Learning Planning Abstractions from Language

Authors: Weiyu Liu, Geng Chen, Joy Hsu, Jiayuan Mao, Jiajun Wu

ICLR 2024 | Conference PDF | Archive PDF | Plain Text | LLM Run Details

Reproducibility Variable Result LLM Response
Research Type Experimental We evaluate our models in two different domains: Baby AI (Chevalier-Boisvert et al., 2019), a 2D grid world environment, and Kitchen-Worlds (Yang et al., 2023), a 3D robotic manipulation benchmark. We present the results on generalization experiments in Table 1.
Researcher Affiliation Academia Weiyu Liu1 , Geng Chen1 , Joy Hsu1, Jiayuan Mao2 , Jiajun Wu1 1 Stanford 2 MIT
Pseudocode No The paper describes algorithms in paragraph text but does not include any explicitly labeled 'Pseudocode' or 'Algorithm' blocks.
Open Source Code Yes Project page: https://parl2024.github.io/.
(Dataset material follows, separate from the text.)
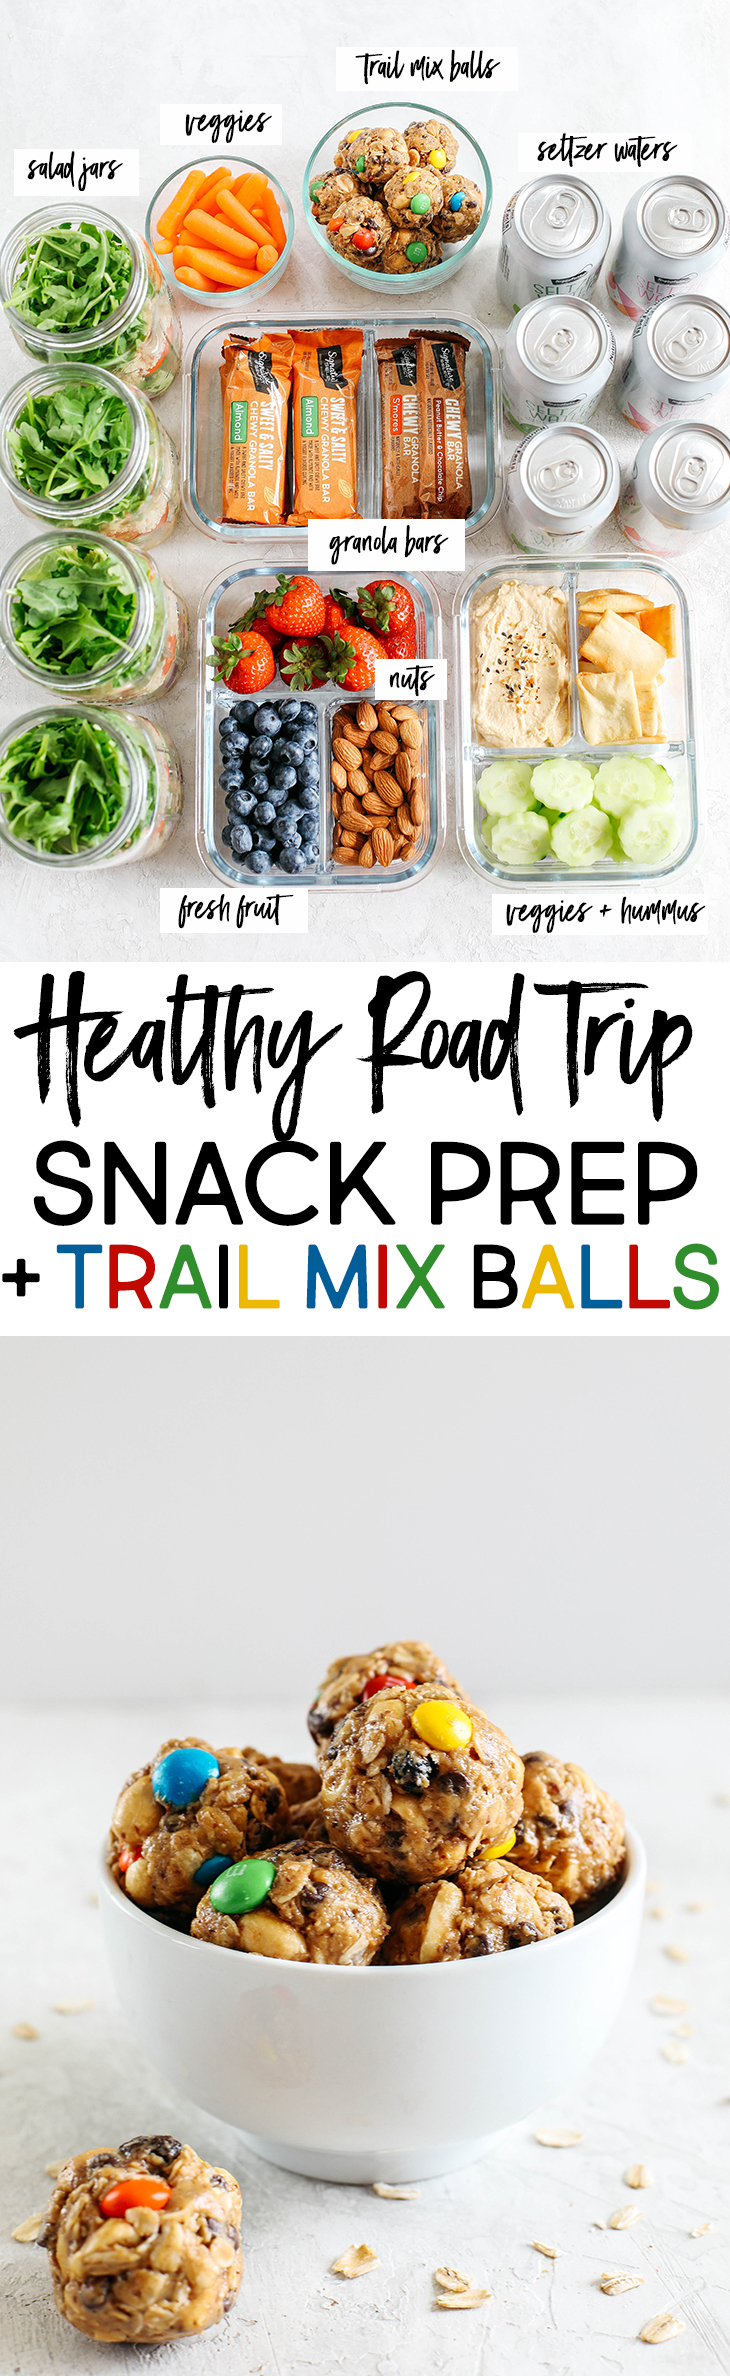 Hit the road this season with delicious healthy snack prep ideas that you can easily pack for long car rides or picnics along with my favorite recipe for NO BAKE trail mix energy balls!

Open Datasets Yes We evaluate our models in two different domains: Baby AI (Chevalier-Boisvert et al., 2019), a 2D grid world environment, and Kitchen-Worlds (Yang et al., 2023), a 3D robotic manipulation benchmark.
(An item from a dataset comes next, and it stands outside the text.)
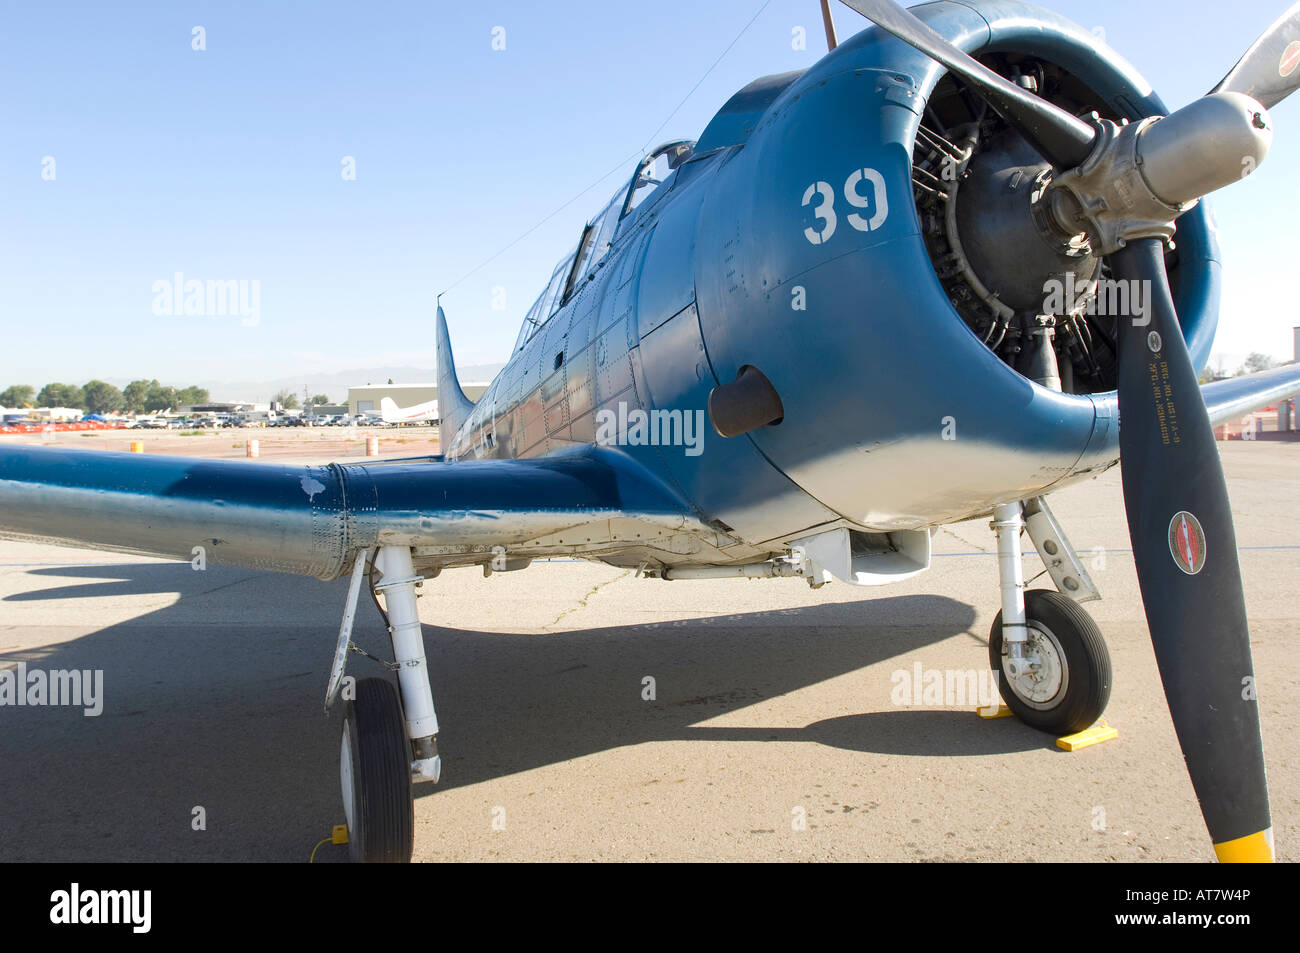 Blue vintage aircraft parked on the ramp. Combat Aircraft of the Pacific War. Douglas SBD/A-24 Dauntless/Banshee. Stock Photo

Dataset Splits No The paper describes the collection of 'training data' and the initialization of 'testing scenes' for evaluation, but it does not provide explicit percentages or counts for training, validation, and test splits, nor does it explicitly mention a separate validation set split from the main dataset.
Hardware Specification No The paper mentions that the algorithm can be 'efficiently implemented on a GPU' but provides no specific details about the GPU model (e.g., NVIDIA A100), CPU, memory, or other hardware specifications used for experiments.
Software Dependencies No The paper mentions software components such as 'PyBullet physics simulator', 'Point Cloud Transformer (PCT)', 'FiLM layers', and 'GPT-4 LLM', but it does not provide specific version numbers for these software dependencies, which is necessary for reproducible setup.
Experiment Setup Yes Parameters. We provide network and training parameters in Table 3. Table 3: Model Parameters (partial content: Epochs 2000, Optimizer Adam, Learning rate 1e-4, Batch size 32, Learning rate warmup Linear (Tend = 20), Learning rate decay Cosine annealing (Tmax = 2000)).